As we’ve explained numerous times here at Calitics over these last 5 years, this is an accurate description of the California Republican Party. It is a party whose base hates Latinos, does not believe women deserve basic rights to control their own bodies, and wants to treat LGBT Californians like second-class citizens. That is not a party that is electable in this state, and the Democrats’ dominance of statewide elections since 1996 merely reinforces the point.

This is something that Arnold Schwarzenegger well understood. He realized that a Republican could not get elected statewide if they espoused anti-Latino, anti-gay, anti-woman sentiments. And yet the only reason Arnold became governor was he did not have to run in a GOP primary on his way to becoming governor.

Meg Whitman did. And therein lay her downfall. She had to prove to her “white man’s party” base that she too hated Latinos, and she tried to do so during her battle against Steve Poizner while not going so far toward racism that she alienated the Latino votes she would need to win the general election. As it turned out, Whitman’s anti-Latino attitudes persisted into the general election, with her shocking attack on a Latino student being just one example of how Whitman shares the anti-Latino values of her base.

Carly Fiorina has been even more overt in her courting of the “white man’s party” base, praising teabaggers and denying global warming. And while it’s given her a small lead among those white men (thankfully not all of us are ignorant bigots) it’s not enough to win in a state as diverse as California.

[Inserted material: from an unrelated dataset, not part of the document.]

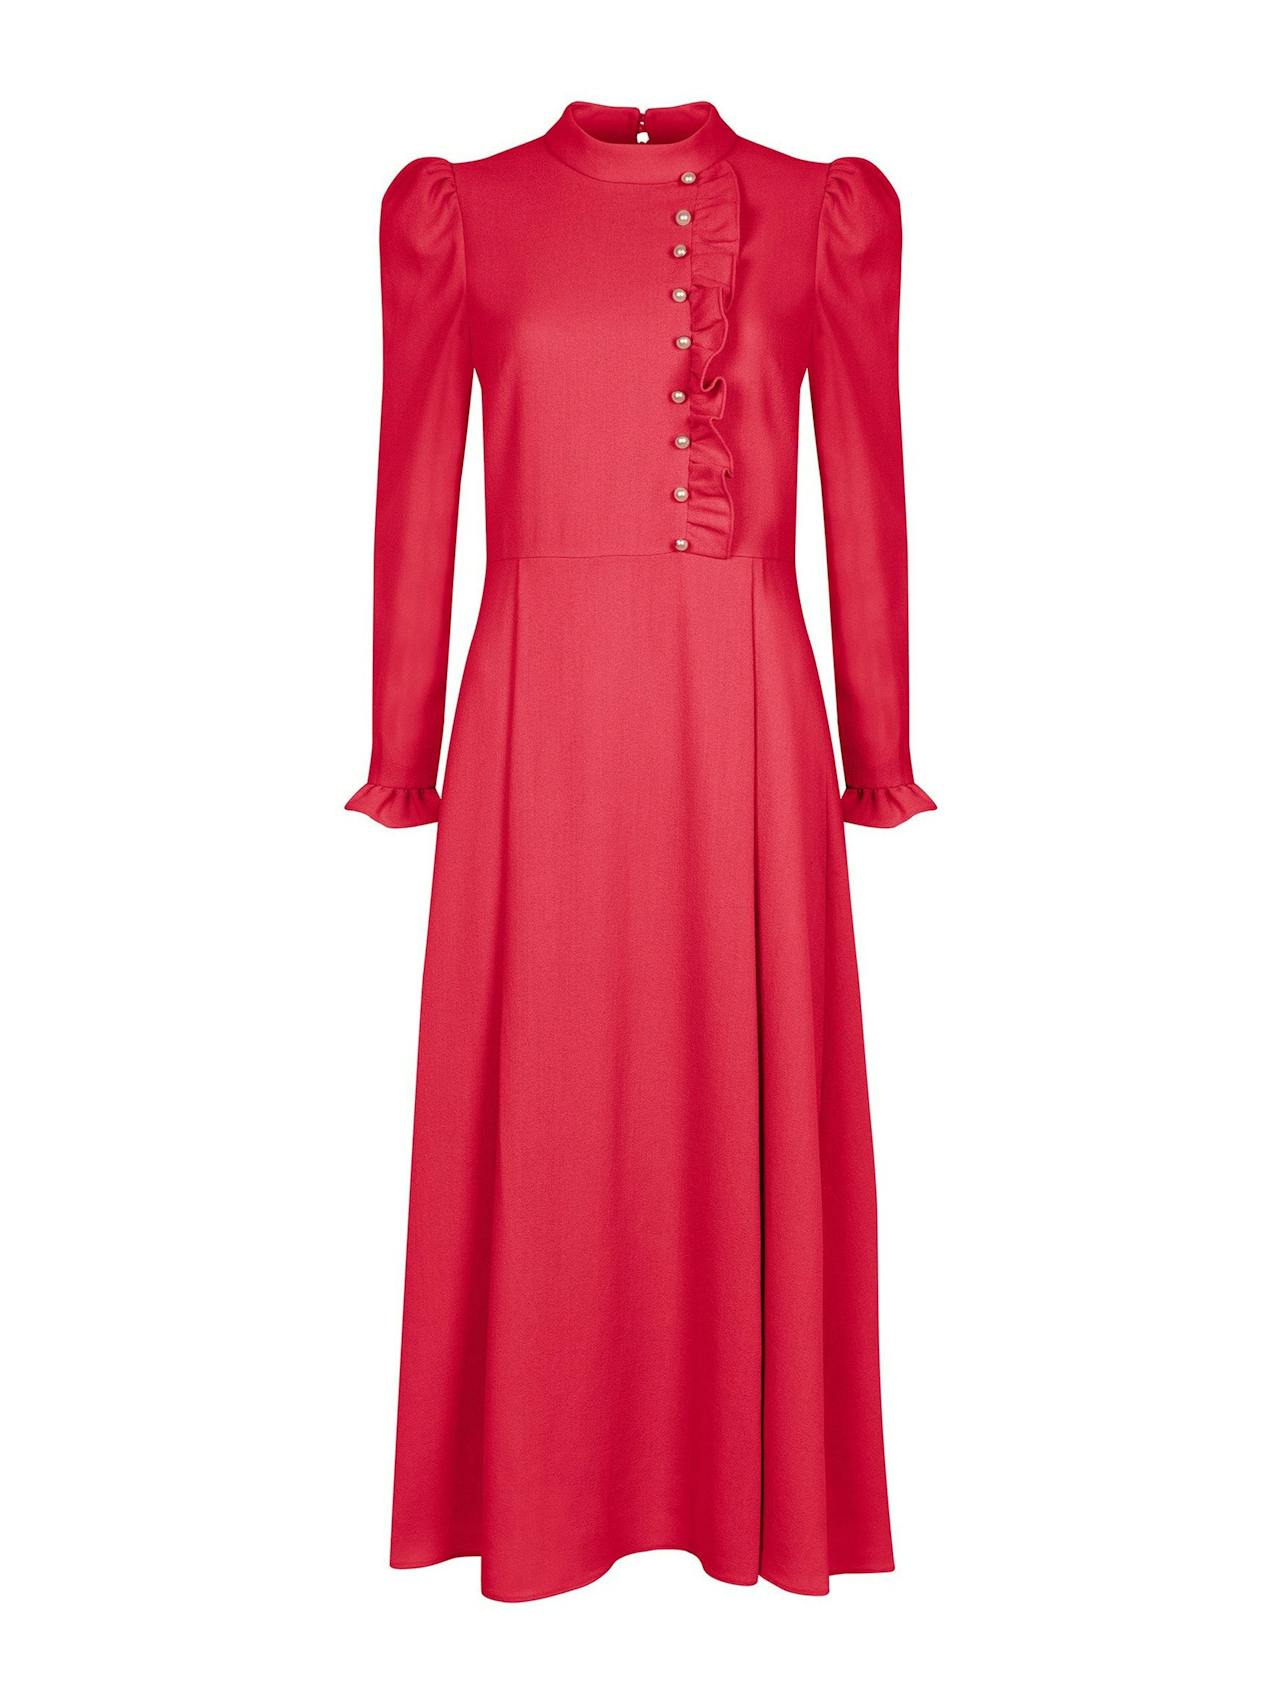 Crimson Christina dress

Prop 19 Prop 23 Prop 24 Prop 25
Yes: 44 37 31 49
No: 49 48 38 34
So that’s the good news from PPIC. What’s the bad news? Well, the ballot propositions aren’t looking so great, as you can see at right. PPIC polled those four propositions (wish they’d also polled Prop 26) and found that voters aren’t really fired up about any of them. Prop 19 is in worse shape here than in SurveyUSA, and Prop 25 is “stuck in neutral” according to KQED’s John Myers. Prop 23 is failing, thankfully, but Prop 24 should be doing much better.

There’s still a long way to go over the next dozen or so days before the election, and it’s very important that progressives get engaged to make sure we win.

7 thoughts on “California GOP “A White Man’s Party””

  1. In the State Senate race, Republican candidate Canella is running ads in Monterey against Anna Caballero, whose appearance and name are obviously Latino, with this tagline:

    “Elect one of us.”

    Is that explicit enough?

  2. I don’t recall seeing anything.  The anti-26 campaign does seem to be getting some legs under it at last, although it seems a little odd that it took people so long to realize that 26 would impact AB32 along with everything else.  It’s really quite the power grab.